Cayman Islands proposes income tax on foreign workers

GEORGE TOWN, Cayman Islands,  (Reuters) – Known as a tax haven for the mega rich around the world, the Cayman Islands is proposing the unthinkable: a direct tax on expatriates to help fix the budget woes of the British territory.

The proposal – called a “community enhancement fee” and unprecedented in the island’s history – is effectively a 10 percent payroll tax on all foreign workers earning income over US$24,000 in the Cayman Islands.

Blaming the previous administration and Britain’s hard line on the island’s budget for the current financial problems, the premier said the measure was the least onerous approach with the Cayman Islands already one month into a new fiscal year.

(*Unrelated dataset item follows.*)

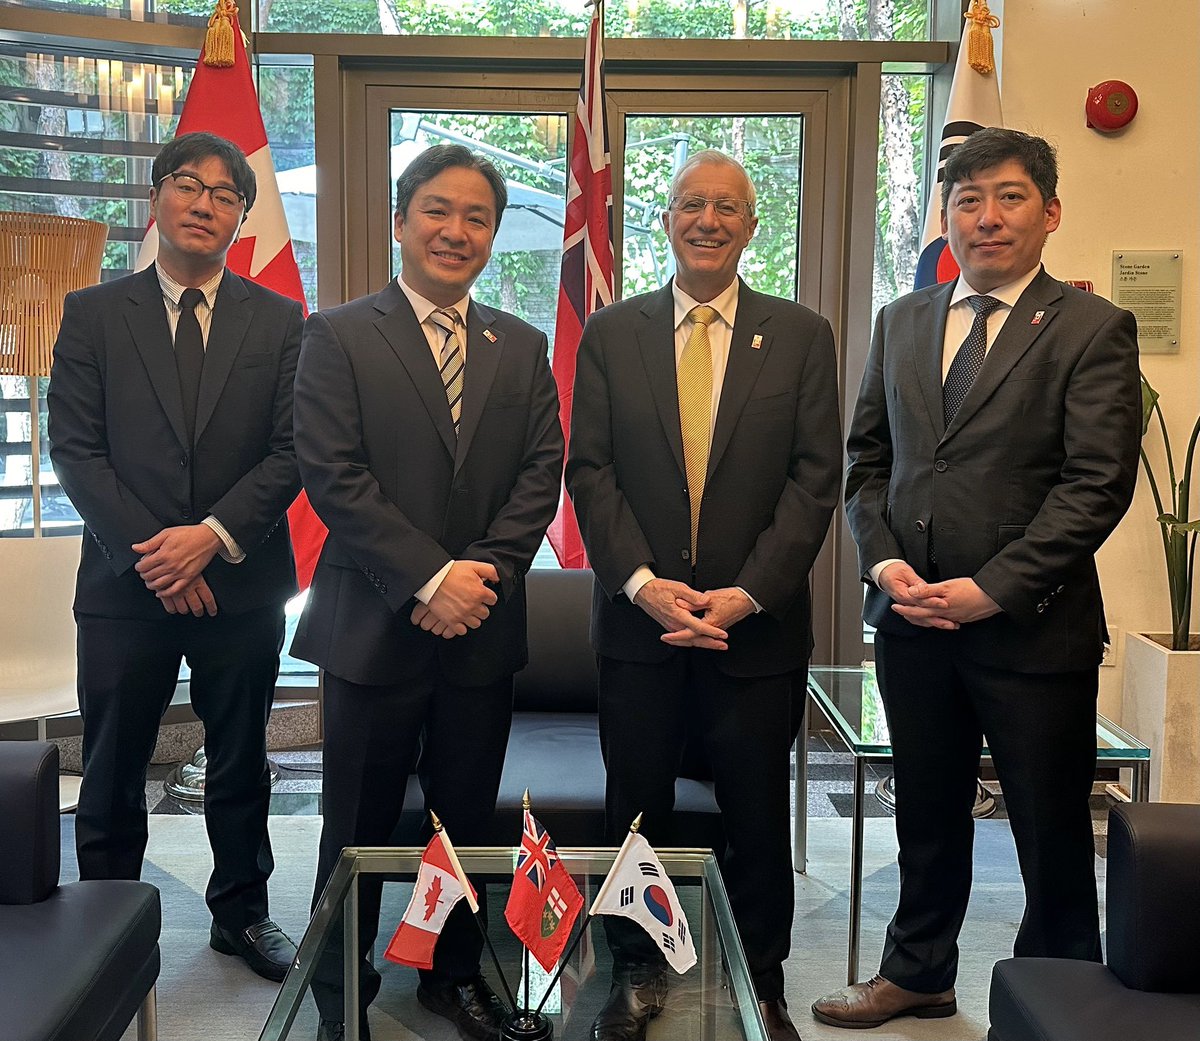 As we conclude the first part of our international #trade mission to #Korea, we want to thank the incredible team at our Korean Trade and Investment Office. Their hard work is attracting exciting new investments to #Ontario and diversifying our economic footprint!

“This is a tremendous step away from the normal government budget, but (London) has the upper hand,” Cayman Islands Premier McKeeva Bush said.

Barely two years ago, in the face of pressure from Britain to increase the territory’s revenue, Bush stated “our position is, and will continue to consistently be, that we do not believe that direct taxes are good for this country.”

While foreign workers make up about 50 percent of the labor force, there are plenty of loopholes that would exclude the majority of the top earners in the county as well as civil servants, leaving the bulk of the payroll tax burden to middle- class income workers in the private sector.

The 10 percent tax proposal has shaken up the business community in the Cayman Islands, with some calling for a public protest against “taxation without representation” on Monday.

The territory, a beach-lined group of islands south of Cuba, is home to most of the world’s hedge funds and has long relied on the “no direct taxation” model as a cornerstone of its lucrative financial industry.